After that come a number of tests. Likely the most common one is the "-name" test which takes a name to match. For example, we can use the following command to find all files named "main.py" in our home directory:

ifinlay@cpsc:~$ find ~ -name main.py
/home/faculty/ifinlay/project1/main.py
/home/faculty/ifinlay/project2/main.py

The file name we pass can also contain the * and ? wild card characters. So to find all Python files in our home directory, we might use:

ifinlay@cpsc:~$ find ~ -name "*.py"

Which will print all files which end in ".py". Note that the "*.py" part is in quotes. That is needed because otherwise, the shell would expand the wildcard to be the files in the current directory that match the pattern. With the quotes, the text "*.py" is passed as is into find which searches recursively for the pattern.

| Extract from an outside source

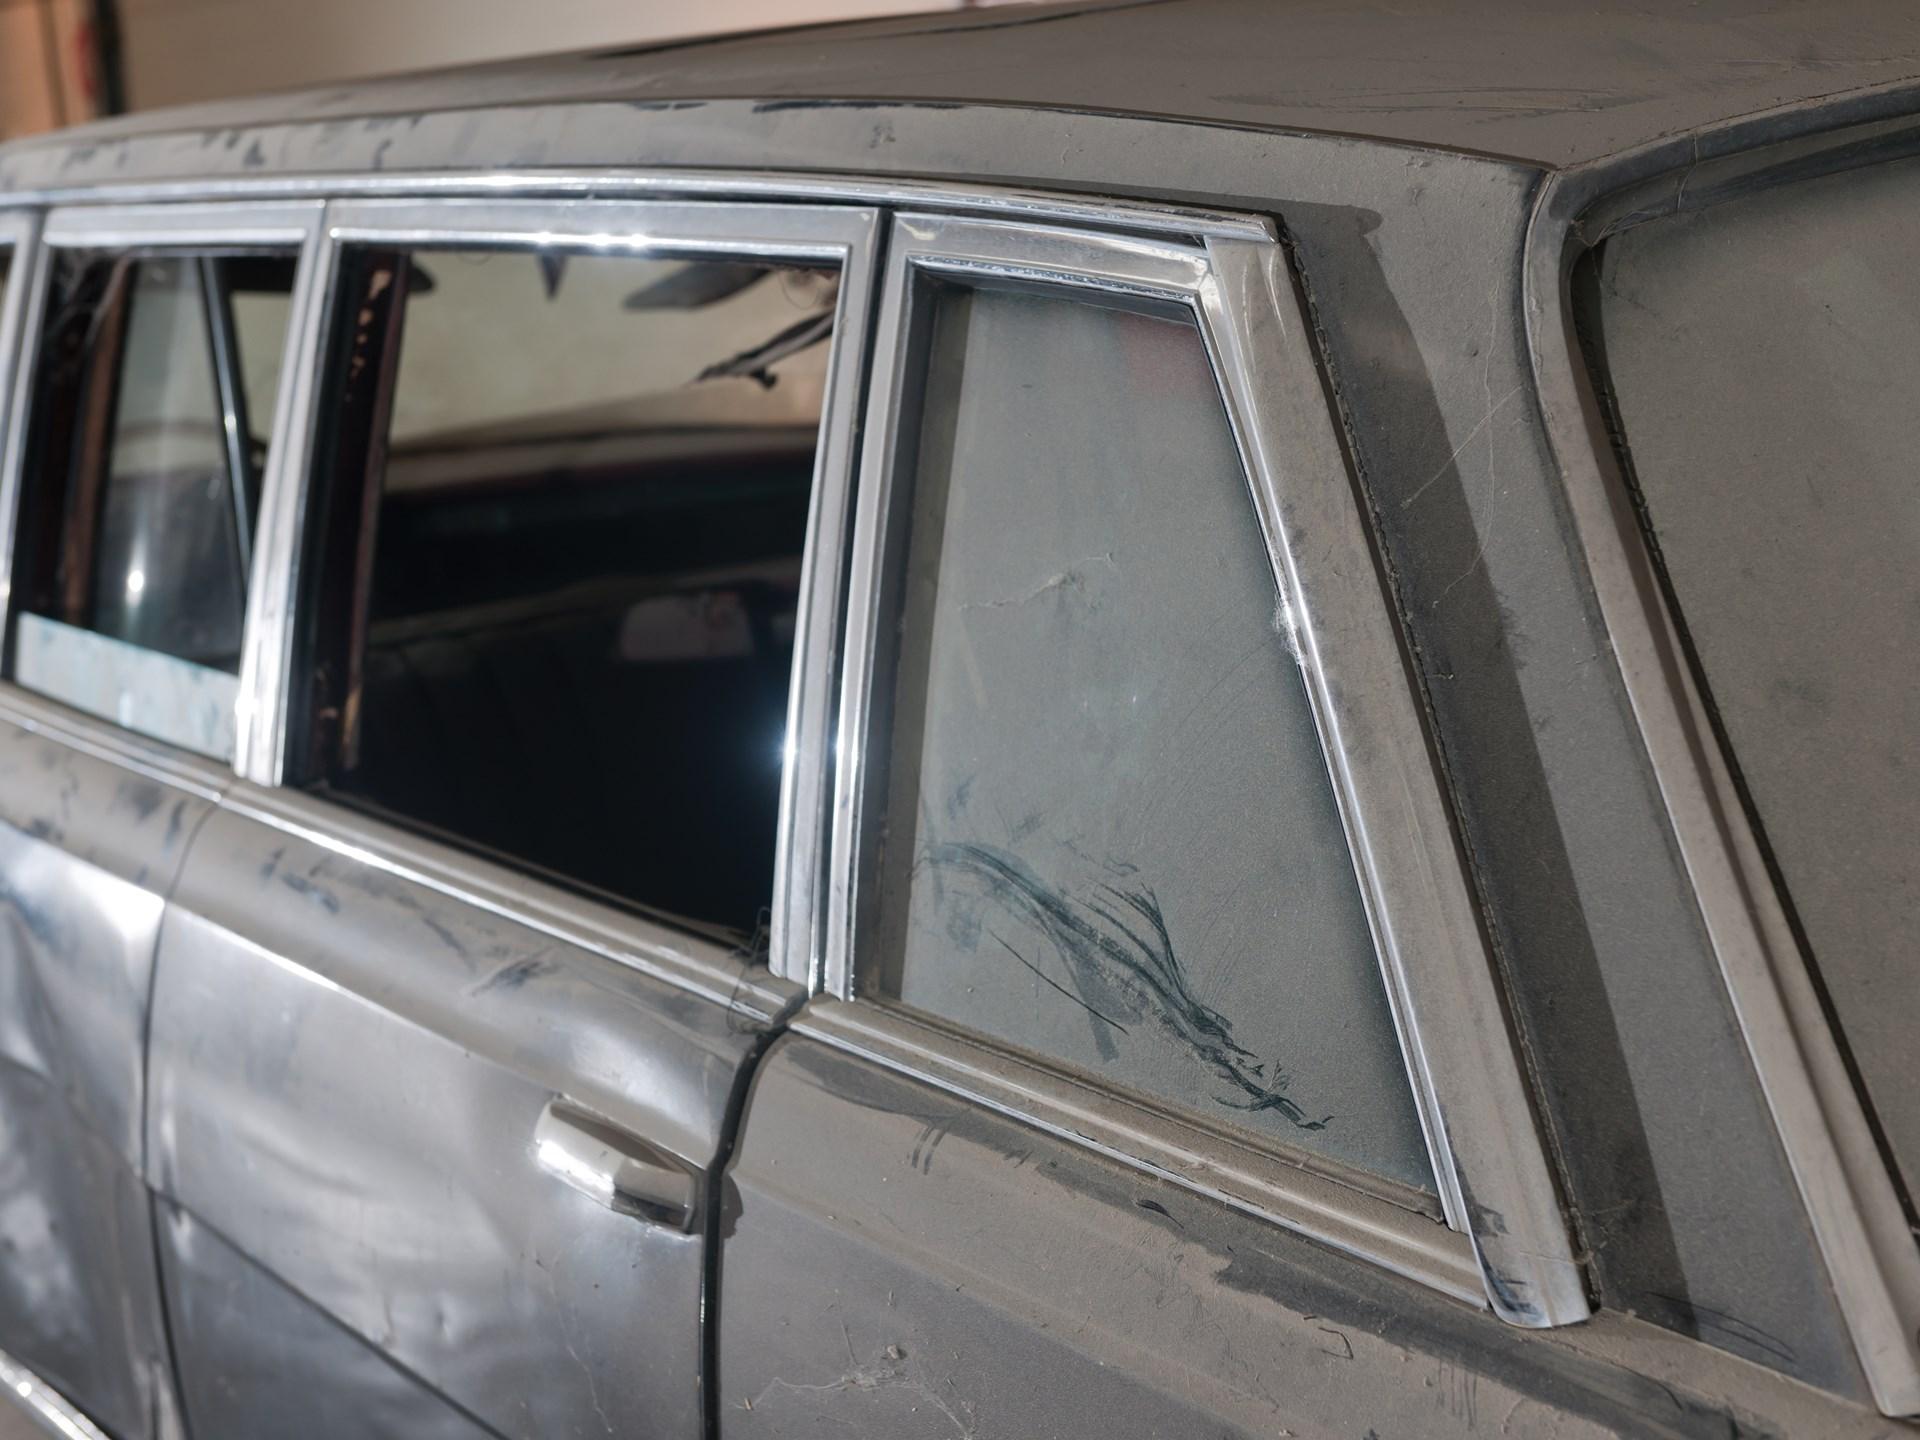 1969 Mercedes-Benz 600 Pullman Limousine

Some other potentially useful tests are summarized below (many more can be found by consulting man find):

Multiple tests can be combined, so to find all executable Python files modified within the last hour we could use:

ifinlay@cpsc:~$ find ~ -executable -name "*.py" -mmin -60
/home/faculty/ifinlay/project1/main.py
/home/faculty/ifinlay/project1/test.py
/home/faculty/ifinlay/bin/get-attachments.py
/home/faculty/ifinlay/bin/lookup.py
/home/faculty/ifinlay/project2/main.py

One common goal of the find command is to perform some task on the files we find. For instance, we might want to use the ls -l command to see file details of some set of files. To do this, we can use the -exec option of find. After the -exec comes the command we want to run with the characters "{}" in place of the filename, followed by a "\;".

For instance, the following command applies ls -lh to get file details on the Python files we found above:

ifinlay@cpsc:~$ find ~ -executable -name *.py -mmin -60 -exec ls -lh {} \;
-rwxr-xr-x 1 ifinlay faculty 4.4K 2018-07-08 16:12 /home/faculty/ifinlay/bin/get-attachments.py
-rwxr-xr-x 1 ifinlay faculty 1.4K 2018-07-08 16:11 /home/faculty/ifinlay/bin/lookup.py
-rwxr-xr-x 1 ifinlay faculty   47 2018-07-08 15:48 /home/faculty/ifinlay/project1/main.py
-rwxr-xr-x 1 ifinlay faculty   41 2018-07-08 15:49 /home/faculty/ifinlay/project1/test.py
-rwxr-xr-x 1 ifinlay faculty   47 2018-07-08 16:11 /home/faculty/ifinlay/project2/main.py

What find does is first find all of the files that matches our criteria. Then it runs the command after -exec on them, substituting the filename in for the {}.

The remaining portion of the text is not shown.